They regularly are reporting new health benefits associated with fruits and vegetables almost daily. Studies have now found more specific health conditions benefit from a diet high in fruits, vegetables, grains and legumes. It appears to reduce the risk of a number of diseases including, high blood pressure, diabetes and heart disease. More recently it was discovered that the disease preventing effects are partially due to various antioxidants, specific vitamins, minerals and enzymes that prevent disease by preventing cell damage that are contained in them.

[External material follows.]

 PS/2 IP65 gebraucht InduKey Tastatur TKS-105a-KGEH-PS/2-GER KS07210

Nutrition experts suggest increasing the number and variety of plant-based colors in your daily diet; try to aim for nine total servings of fruits and vegetables daily.

Helpful antioxidants that can help to prevent aging and disease that are found in fruit and vegetables include vitamin E and C, Selenium, zinc, beta-carotene, sulfur and flavonoid compounds and various enzymes, vitamins and minerals.

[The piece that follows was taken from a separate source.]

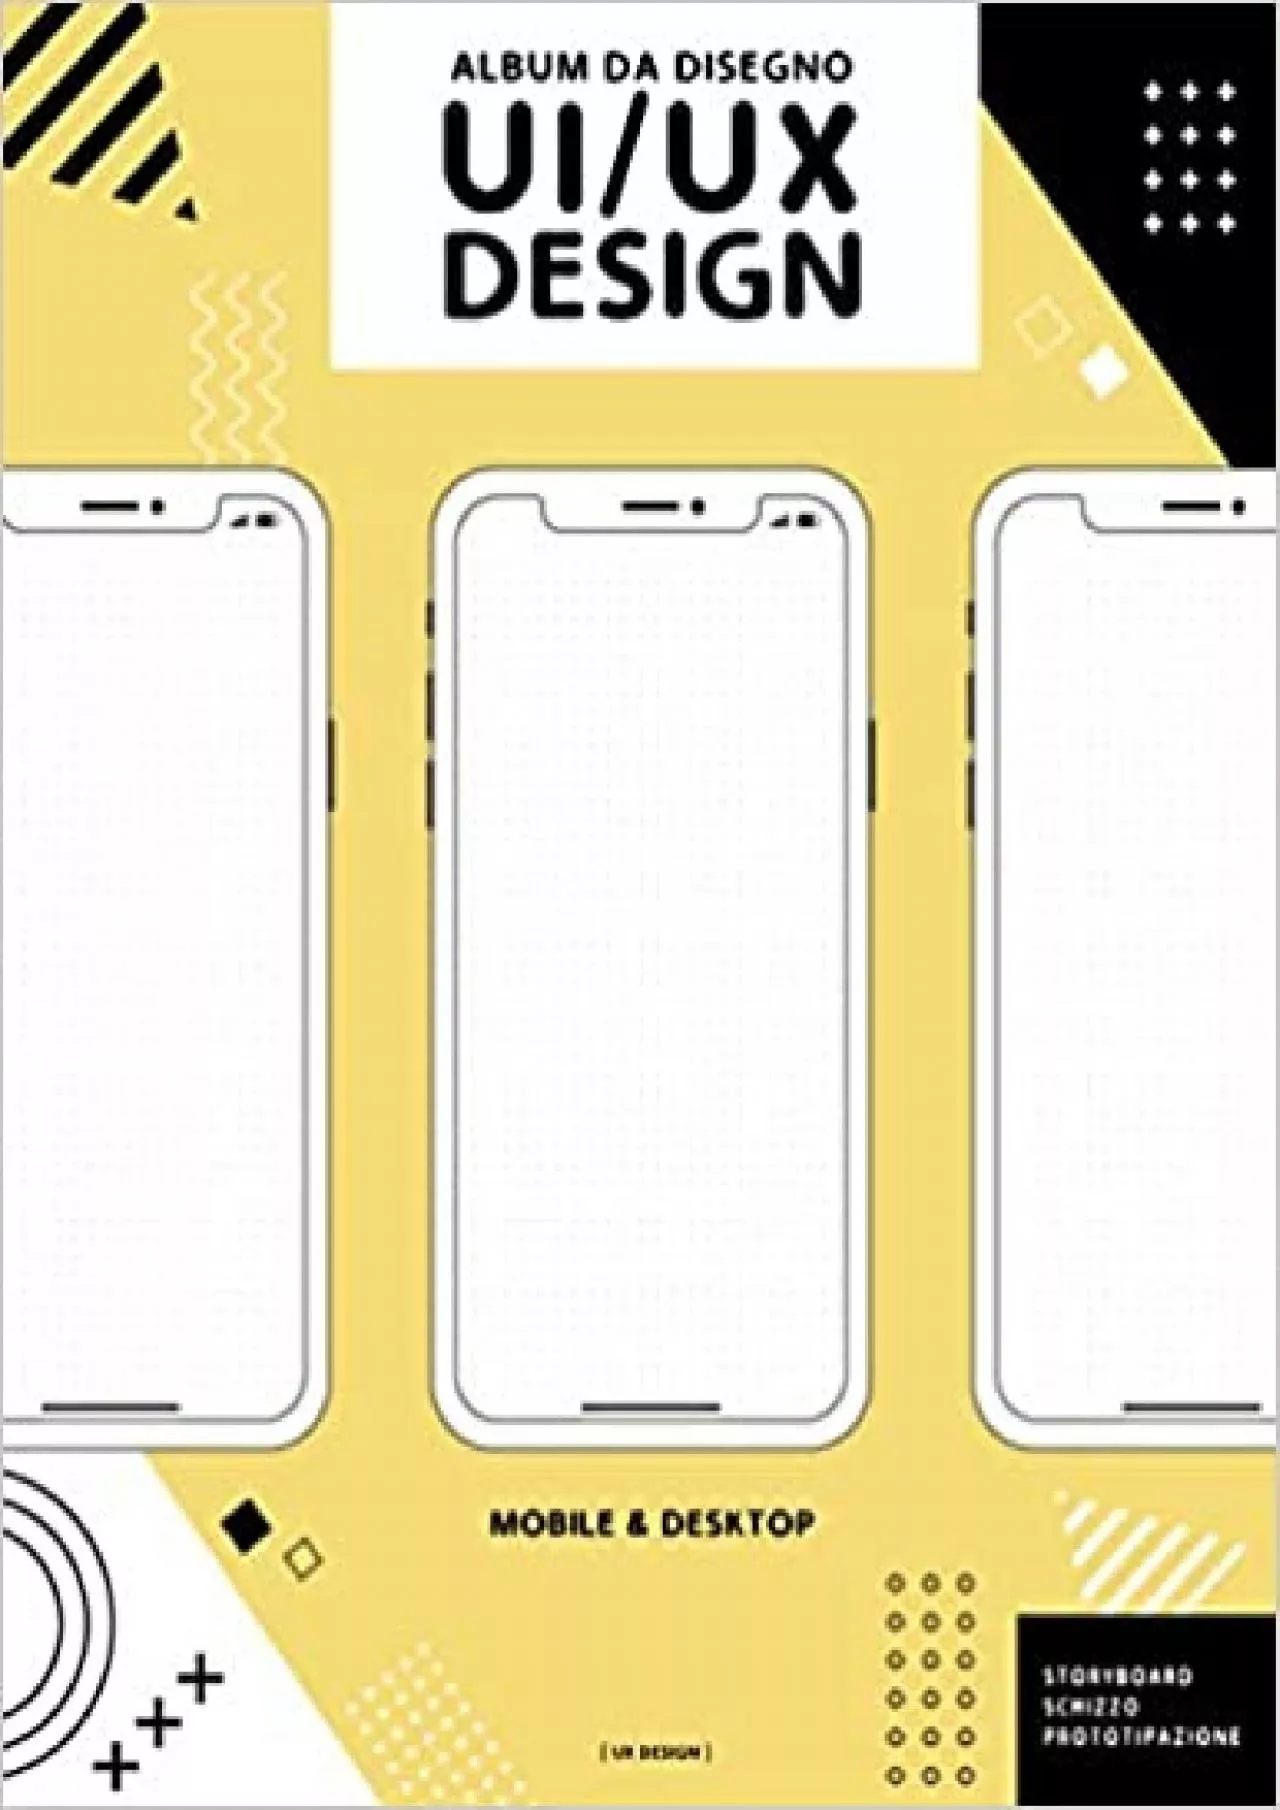 (READ)-Album da disegno UI UX Design Taccuino per prototipi di interfacce professionali

  • The natural red colored plant pigments in these are called lycopene and anthocyanins. Lycopene is found in tomatoes, dried tomatoes, tomato juice, tomato based vegetable cocktail, tomato paste, sauce, homemade ketchup, watermelon and pink grapefruit. Studies have said it may help reduce risk of several types of cancer, especially prostate cancer. More Lycopene is absorbed from cooked tomatoes than raw.  Lycopene is also considered a carotenoid.
  • Tomatoes also contain vitamin E another important antioxidant.  2 medium tomatoes contain 3 iu's of vitamin E.
  • Vitamin B3 is found in tomatoes and is important for nervous system, circulation, carbohydrate, fat and protein metabolism, digestion, lowering cholesterol, hormone production and for memory mood problems.
  • P-coumaric acid and chlorogenic acid found in tomatoes interfere with certain chemical unions, which can create carcinogens (cancer causing agents). Tomatoes alone are believed to contain an estimated 10,000 phytochemicals.
  • Anthocyanins or pronthocyanins (catechins) which are the flavonoid (4-oxy-flavonoids) flavonoids actually were designed by nature to prevent environmental stress on the actual plant itself.
  • Bioflavans are also responsible for the red/blue colors found in red fruit like cherries, cranberries, strawberries, raspberries, pomegranates, rose hips, currents, gooseberry, chilli or Thai peppers, loganberries, huckleberry, red grapes and red apples. They are found in the fresh fruit as well as their skin.
  • Flavonoids seem to modify the body’s reaction to compounds such as allergens, viruses and carcinogens. They are known to have anti-inflammatory, anti-allergic, anti-viral and anti-cancer properties. They have found over 4,000 of these flavonoid compounds.
  • They prompt very strong vitamin P activity. These compounds may strengthen capillaries, blood vessels in the skin, circulatory system and in our eyes. They also increase the vitamin C recirculation and up take and help fight free radical damage and support joints. They also have a very beneficial effect on collagen and help inflammation.
  • What are free radicals? Free radicals are highly reactive molecules that destroy cellular components in the body. Free radical damage is what makes us age, and are liked to many diseased in the body. Environmental free radical like smoke, pollution, chemicals deplete these antioxidants in our body. However, the antioxidants from plant foods we consume can protect our body and cells from these harmful elements.
  • Helpful antioxidants that can help to prevent aging and disease that are found in fruit vegetables include vitamin E and C, Selenium, zinc, beta-carotene, sulfur  and flavonoid compounds and various enzymes.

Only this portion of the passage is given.